> **COLLECTED MATERIAL**
=== Begin Enclosure ===

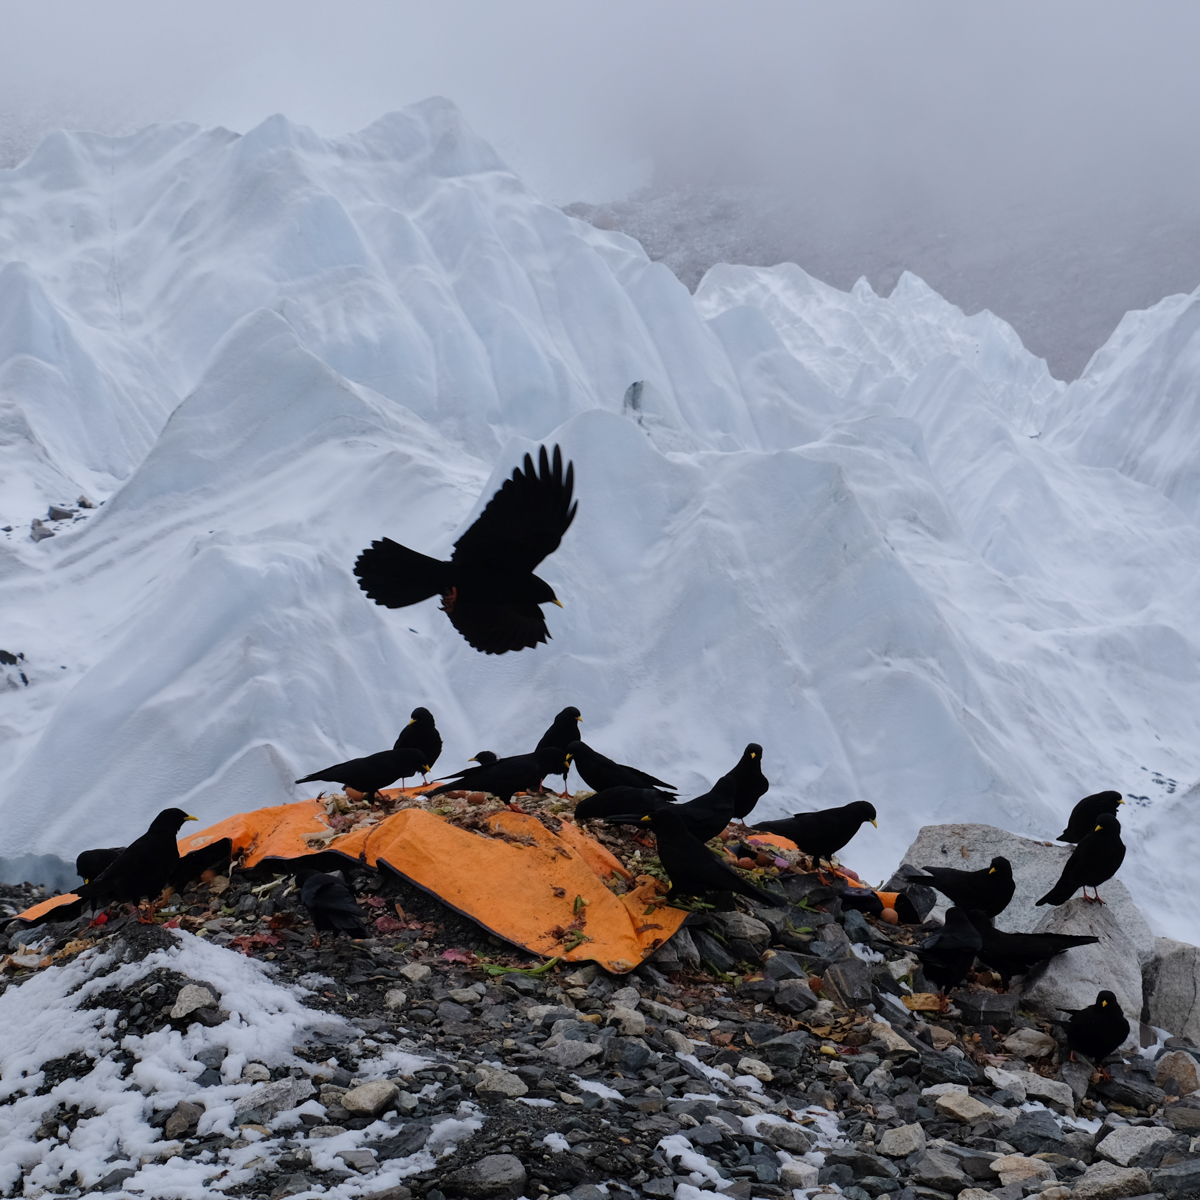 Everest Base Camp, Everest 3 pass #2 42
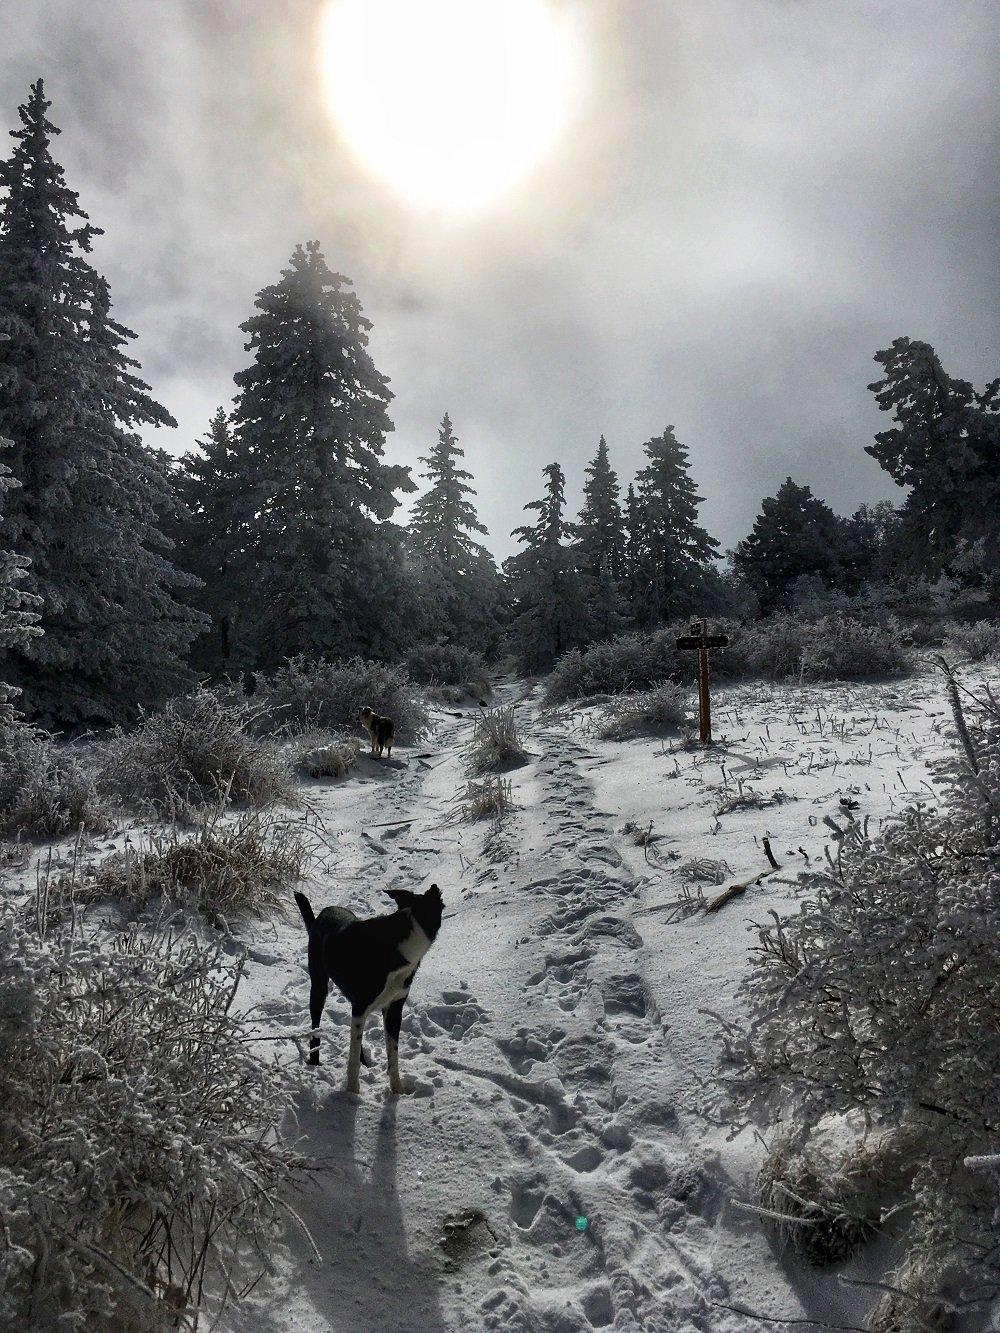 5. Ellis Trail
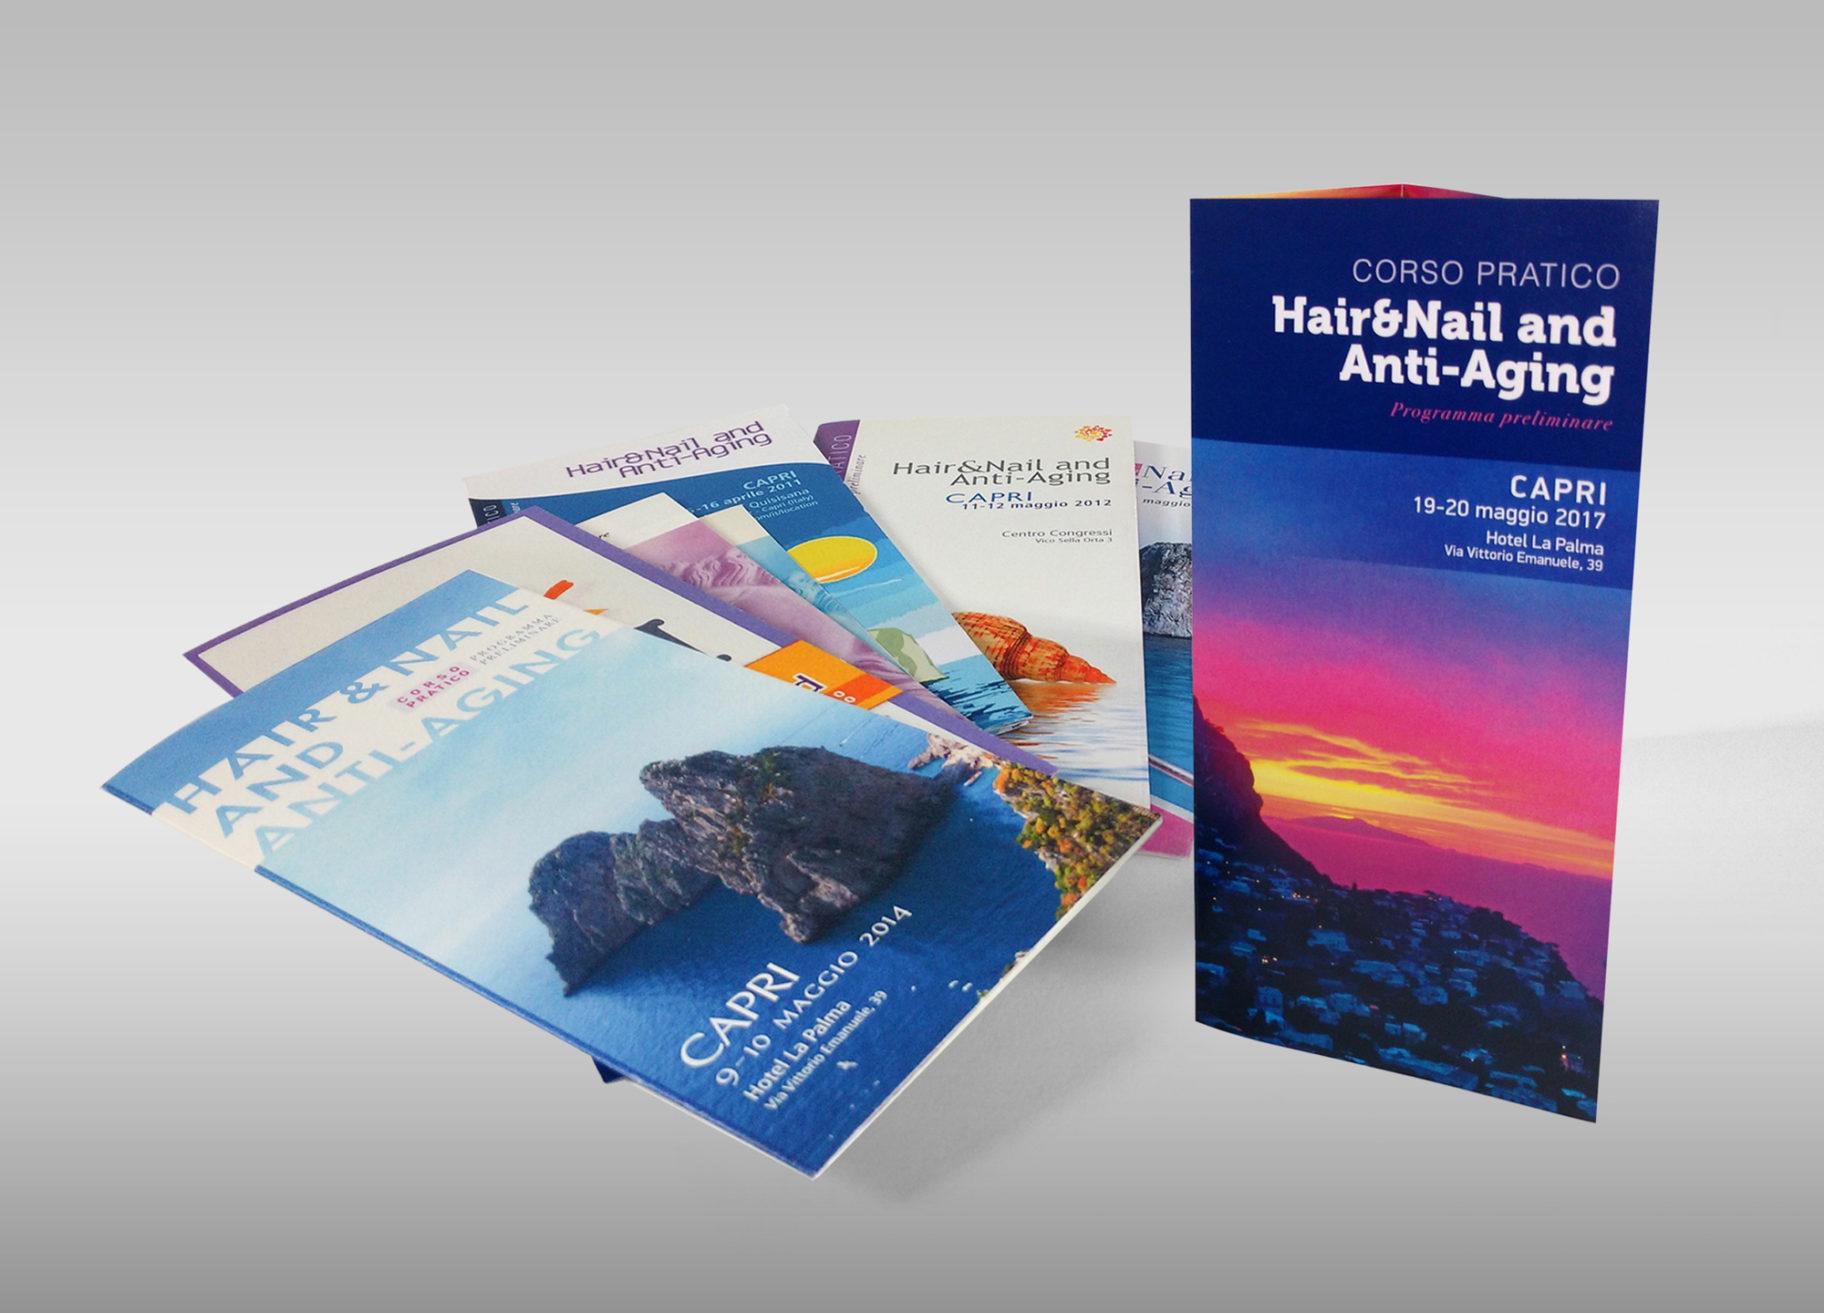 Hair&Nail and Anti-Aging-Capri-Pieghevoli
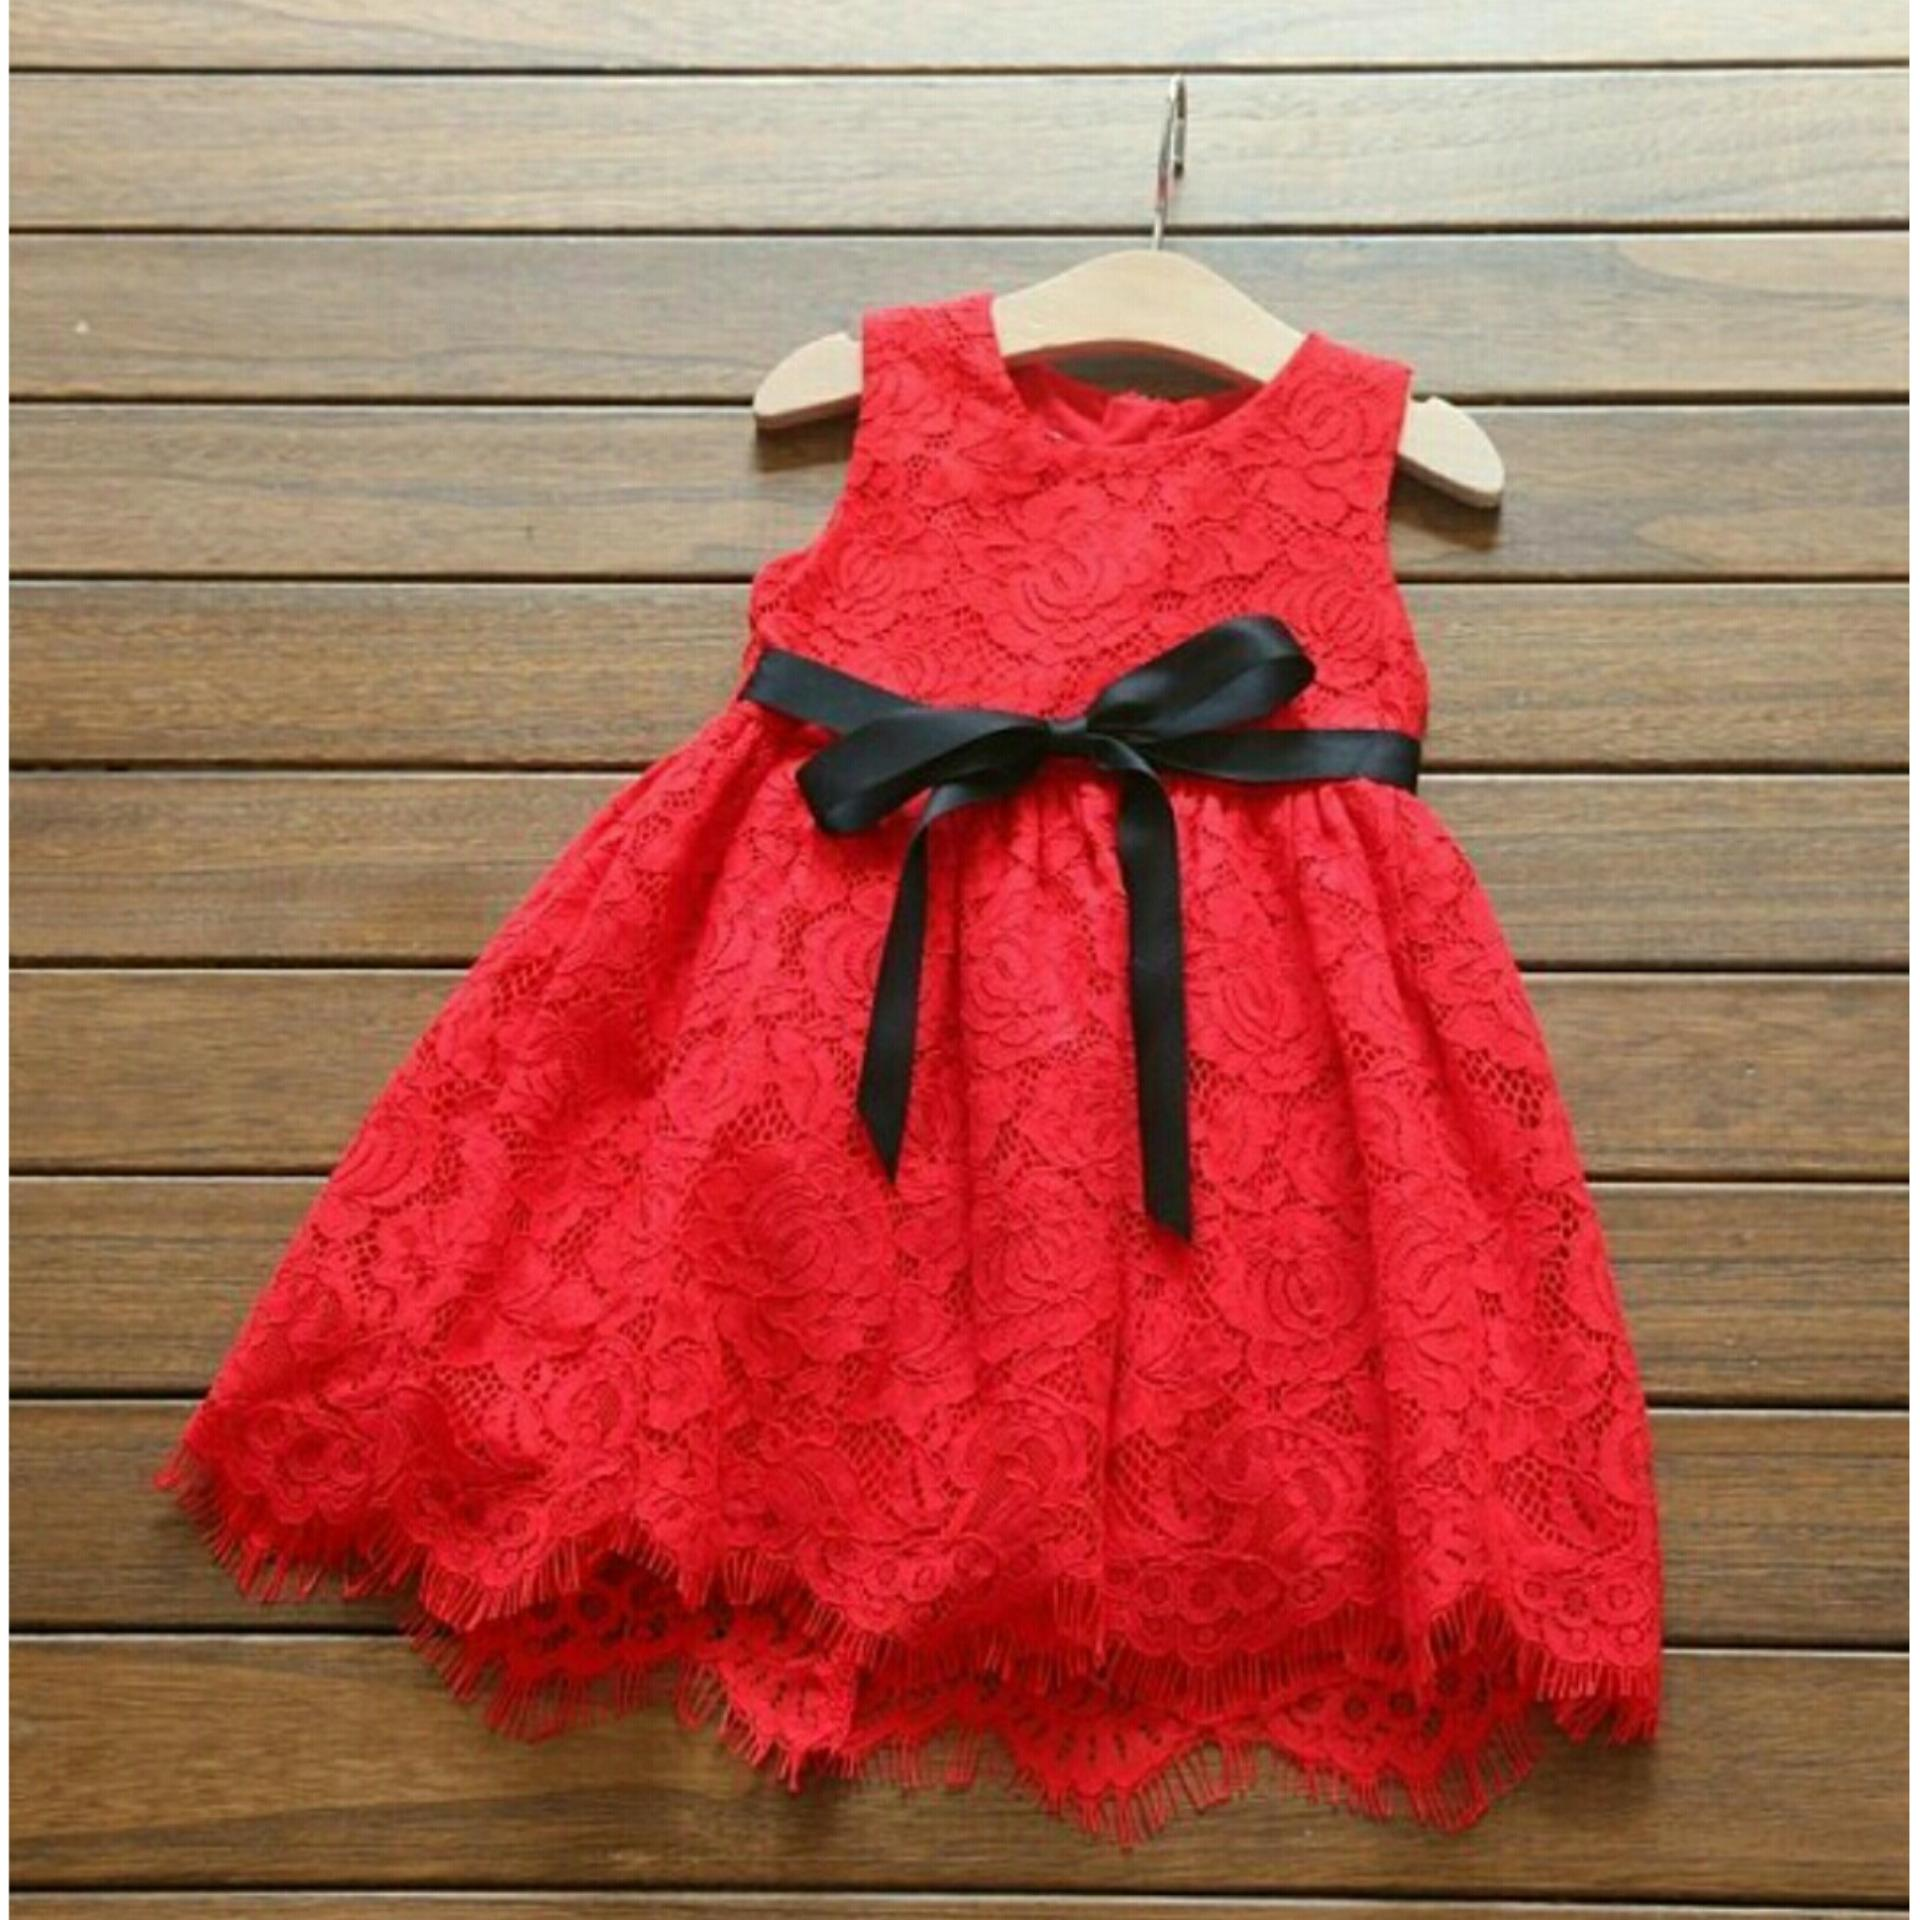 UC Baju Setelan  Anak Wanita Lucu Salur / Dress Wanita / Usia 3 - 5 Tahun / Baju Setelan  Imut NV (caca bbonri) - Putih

=== End Enclosure ===

> **WHAT YOU ARE ASKED TO DO**
Could you please return each line of the material exactly, dropping the pictures?

> **REPLY**
 Everest Base Camp, Everest 3 pass #2 42
 5. Ellis Trail
 Hair&Nail and Anti-Aging-Capri-Pieghevoli
 UC Baju Setelan  Anak Wanita Lucu Salur / Dress Wanita / Usia 3 - 5 Tahun / Baju Setelan  Imut NV (caca bbonri) - Putih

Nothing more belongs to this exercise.